The next morning i woke up quiet early only to find out that no one of the household was up yet.
So after freshening up i went out to have a look at Nampong township for the first time in daylight.
My first feeling on seeing the surrounding was that of moving back in time. The dwellings were made in a way long forgotten in the plains and on raised structures & mostly made of wood.
On a area in front of the place of my stay was a lone Arunachal Pradesh State Transport bus which connects the place with Margherita in Assam. Once a day one time return journey.
Ther's no petrol pump here, the nearest is about an hours drive down the road towards Assam in Jairampur. People from bordering Burmese villages come here on Chinese motor bikes with as many gallons as possible just to get petrol.
Its just a border town not tourist destination so no hotels no lodges. Just a state government PWD inspection bunglow is here which has to be booked way early. But civilians, tourists have less chances of getting a room as govt officials are first priority.
Ther's no resturent as such here to eat, just a chai, samosa, puri kind of place exists apart from grocery shop and pco. That's why plan your journey in such a way that you don't have to spend a night here.
The best place for spending the night is Tinsukia in Assam. Start early in the morning from there and you can safely be back by sundown after covering the Burma road.
Alright, so i wake up and talk a lonely walk in this nondescript border town of the remote north east looking for something. But there was nothing except the empty fair grounds where night guards were spending their last few hours of duty around a fireplace.
One or two souls crossed me as i walked along the straight road beside the town field. None of them seemed local though, there were cultural troops from various parts of north east as well as Burma there for the festival.
I saw two of them taking snaps at the makeshift stage and requested them to take one for me.
After some time the policemen also abandoned the field and i started to roam again.
There was one positive sight though, i saw one wooden plank of a only tea store in sight to be open. So i went ahead hoping for a cup of tea. The fellows had just woken up after a long late night but still told me to wait and arranged for some tea and biscuit.
Meanwhile a vehicle stopped outside and i could hear Bengali being spoken. Aha so tourists from Assam has arrived i thought. But no they were a return party who had seen the Burmese side the previous day and on their way back to their hometown Margherita. Had a little chat and found out that its possible to walk down to the Lake of No Return of Burmuda Triangle fame.
Good i thought if they have done it there should be no problem going down to the lake. So with positive thought in mind i made my way back to my bed & bed place (No breakfast here).

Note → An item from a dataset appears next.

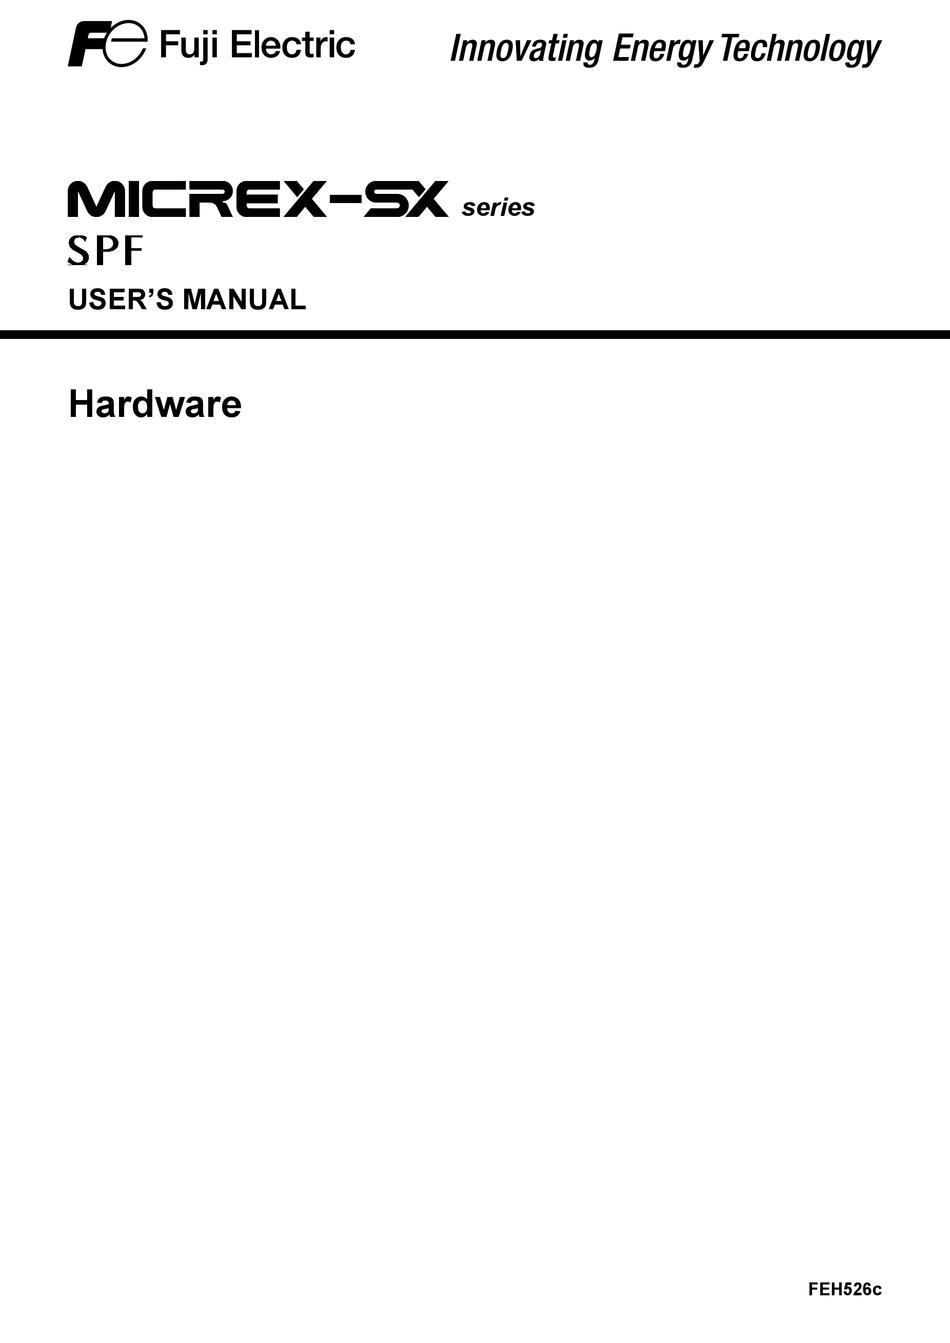 FUJI ELECTRIC MICREX-SX SERIES SPF USER MANUAL Pdf

The owner a member of the organising team had not yet woken up but the lady was there. So i explained to her my situation, i had to be back in Dibrugarh airport to catch the Guwahati flight that day itself so need a vehicle to do the Burma trip soon.
She maneged to wake her husband up who in turn made phone calls after phone calls and informed me that something shall be arranged. Lot of time were wasted waiting for a car and finally got one by getting his former booking cancelled for some local family.
Then my host for the night took me to the fair grounds and we had breakfast at the food stall area as the first puris of the days were served.
The Maruti 800 arrived and so did hoards of tourists from Assam as well as others who arrived the previous day. We got our car pass and other papers made to cross over to Burma and the journey began.
The cabby who hailed from Bihar and been in Arunachal since childhood was a good company. He said he even knew my host and his wife since their schooldays. Got to know lot many interesting things about the area from him.
Our first stop on way to Pangsau Pass was the Indian Army check post where we had to disembark and show the papers. The jawan jotted down required details and we moved again. Here another Maruti joined us with a local gentleman from a neighbouring area whom i got to know later.
The road was under constrution on the Indian side and was in mixed condition but motorable. On the Burmese side however it was as the allied army had left it. Just stones after stones. My cabby told me no one dared to bring small vehicles here till he brought his 800 one day and proved everyone wrong.
Enjoy the pictures coming up from Nampong to the pass point.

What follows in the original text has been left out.